[Record extracts]
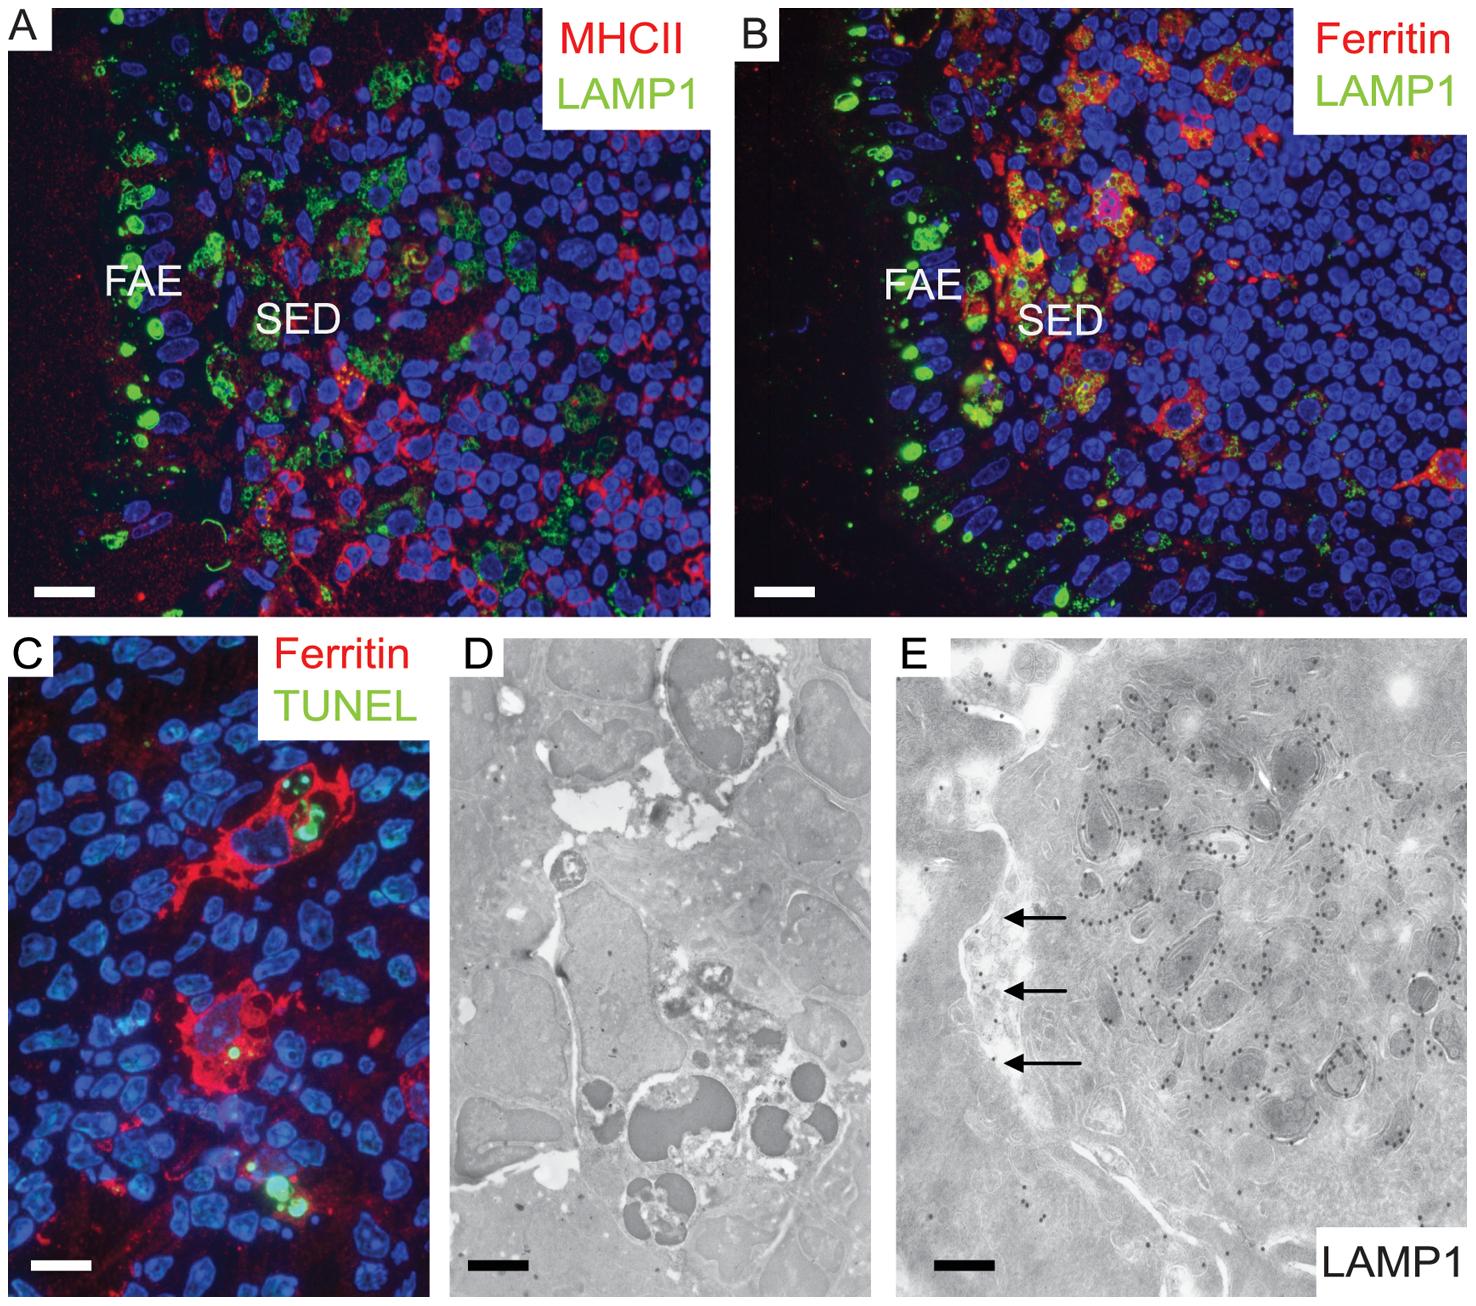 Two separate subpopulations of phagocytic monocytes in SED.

--

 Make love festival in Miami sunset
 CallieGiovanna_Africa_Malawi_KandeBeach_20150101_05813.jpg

[Task prompt] Could you write out, exactly as they stand, only the lines above that begin at the line with "Make love festival in Miami sunset" and stop after the line with "CallieGiovanna_Africa_Malawi_KandeBeach_20150101_05813.jpg"?

[Answer box]
 Make love festival in Miami sunset
 CallieGiovanna_Africa_Malawi_KandeBeach_20150101_05813.jpg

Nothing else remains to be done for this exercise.